Les recettes de nos voisins pour déréguler

Enquête | publié le : 01.02.2010 |

L’ouverture à la concurrence des monopoles n’est pas une spécificité française. Des télécoms à la poste en passant par la radio…, les mutations se sont multipliées dans toute l’Europe. Avec plus ou moins de bonheur.

GRANDE-BRETAGNE

Polyvalence à outrance à la BBC

Malgré la froidure de l’hiver, Ian Pollock ne s’est pas rendu pour rien à la Cour suprême britannique. Dépêché par la BBC, il a enchaîné les directs télévisés sur l’énoncé d’une décision de justice importante avant que ses commentaires soient intégrés au site Internet de BBC News et que son analyse se transforme en encadré à côté de l’article principal.

Cette uniformisation des comptes rendus caractérise le tournant pris par l’icône médiatique britannique il y a deux ans. En octobre 2007, son directeur général, Mark Thompson, avait annoncé le regroupement des salles de rédaction des journalistes de la télévision, de la radio et d’Internet afin de réduire « la duplication dans la collecte d’informations ». Le responsable du site Internet expliquait de son côté que ce changement permettrait de « concentrer [les] ressources pour le développement plus en profondeur des histoires les plus importantes et les plus originales ». Un choix éditorial qui s’inscrit dans un grand plan de réduction des coûts. Entre 2005 et 2008, la BBC a supprimé 1 900 emplois et entend encore réduire la masse salariale de 1 800 postes entre 2009 et 2013 dans le cadre d’un programme d’« amélioration continue » qui devrait lui faire gagner 2,1 milliards d’euros. Ajoutée à un accord de « sacrifice salarial » signé en 2008, qui a permis à la BBC d’économiser 43,3 millions d’euros, cette réorganisation passe mal auprès des journalistes.

« Pour être un succès, ce processus d’intégration de la salle de rédaction a besoin d’investissement », explique Sue Harris, l’une des responsables du syndicat national des journalistes. « Pour rallier une plate-forme croisée de travail les journalistes ont besoin de formations puis de temps afin d’appliquer leurs nouvelles techniques.
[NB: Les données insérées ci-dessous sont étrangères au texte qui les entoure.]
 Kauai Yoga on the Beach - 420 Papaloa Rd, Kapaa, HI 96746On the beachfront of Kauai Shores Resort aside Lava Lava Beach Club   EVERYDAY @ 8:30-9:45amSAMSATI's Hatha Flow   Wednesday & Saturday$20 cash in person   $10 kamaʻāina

Pourtant, le nombre des journalistes a été simultanément réduit [environ de moitié en cinq ans, NDLR]; dans la réalité, ils se retrouvent donc face à une masse de travail plus importante que jamais, ce qui a un impact sur sa qualité. »

Anonymement, l’un d’entre eux ne cache pas que « si l’on ne travaille généralement que dans les médias que l’on maîtrise le mieux, les chroniqueurs ou les journalistes les plus connus doivent souvent tout enchaîner dans une même journée : télé, radio, Internet, parfois même blog. Ils ne terminent donc que rarement leurs journées avant minuit. La direction fait pression pour que l’on en fasse toujours plus. Un collègue de radio m’a raconté qu’il devait rendre tous les jours avant 16 heures une fiche sur laquelle il indique sur quelle autre plate-forme il a travaillé ! ».
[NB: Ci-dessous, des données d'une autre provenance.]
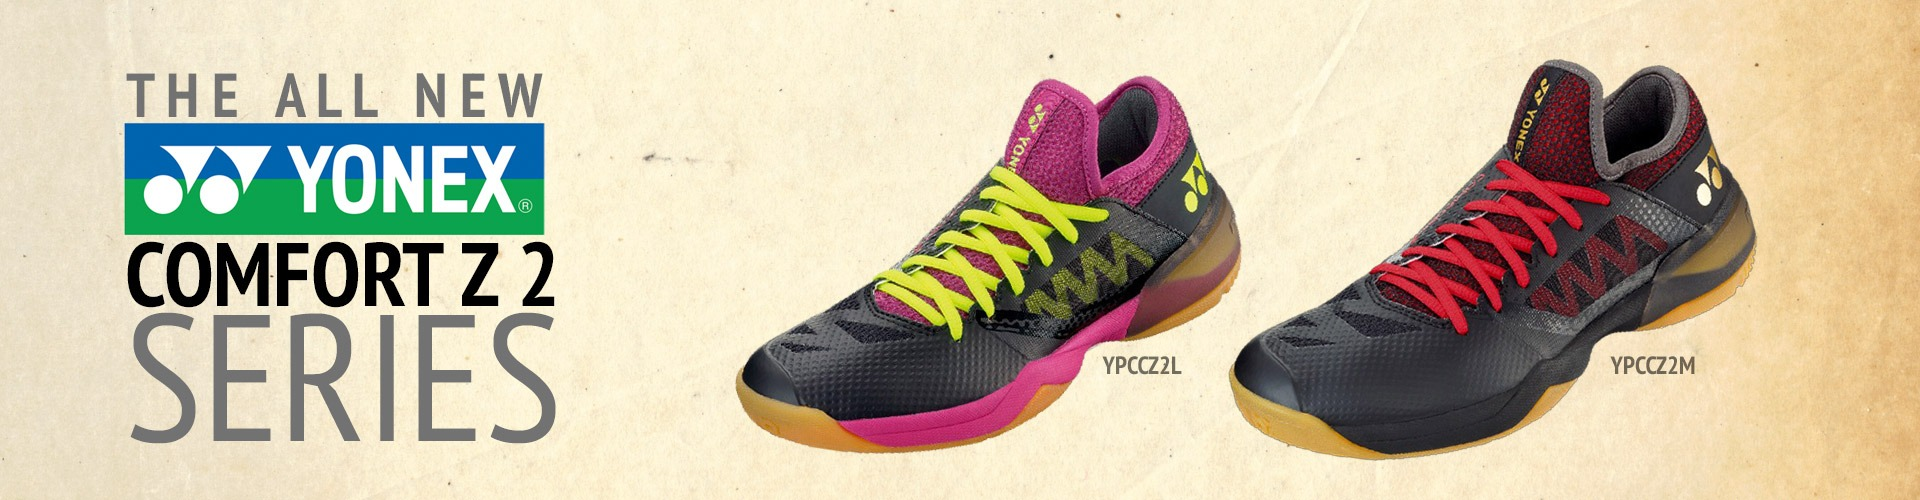 Yonex Comfort Z 2 Series

Une ancienne correspondante à l’étranger de la BBC poursuit : « Les journalistes basés à Londres demeurent encore assez nombreux pour rester spécialisés en radio ou en télé. En poste à l’étranger, nous jonglons entre trois médias aux styles très différents et finissons souvent à pas d’heure. Cela déteint sur la qualité et sur notre possibilité de mener de réelles enquêtes de fond. » Un virage dangereux pour la réputation de la BBC qui tient avant tout, jusqu’à présent, à la qualité de sa couverture de l’actualité sur l’ensemble du globe.

Tristan de Bourbon, à Londres

ALLEMAGNE

Les salariés de Deutsche Telekom ont le tournis

À l’heure actuelle, j’aurais du mal à dire avec certitude quelle est la structure de l’entreprise. Nous avons connu tellement de restructurations que je ne sais plus très bien où nous en sommes. Le patron vient d’ailleurs de faire une nouvelle déclaration », soupire Dietrich, technicien à Deutsche Telekom au département technique dédié aux particuliers. René Obermann, le patron du mastodonte allemand, vient en effet d’annoncer que, malgré une stabilisation des activités en 2009, 10 000 suppressions d’emplois supplémentaires seraient nécessaires pour que l’entreprise conserve sa marge de manœuvre financière. Par ailleurs, les départements techniques seront « concentrés » : « Avec Internet, il y a une grande partie du conseil technique qui se fait maintenant à distance, via des centres d’appels », précise Dietrich, qui espère que son poste ne sera pas trop touché.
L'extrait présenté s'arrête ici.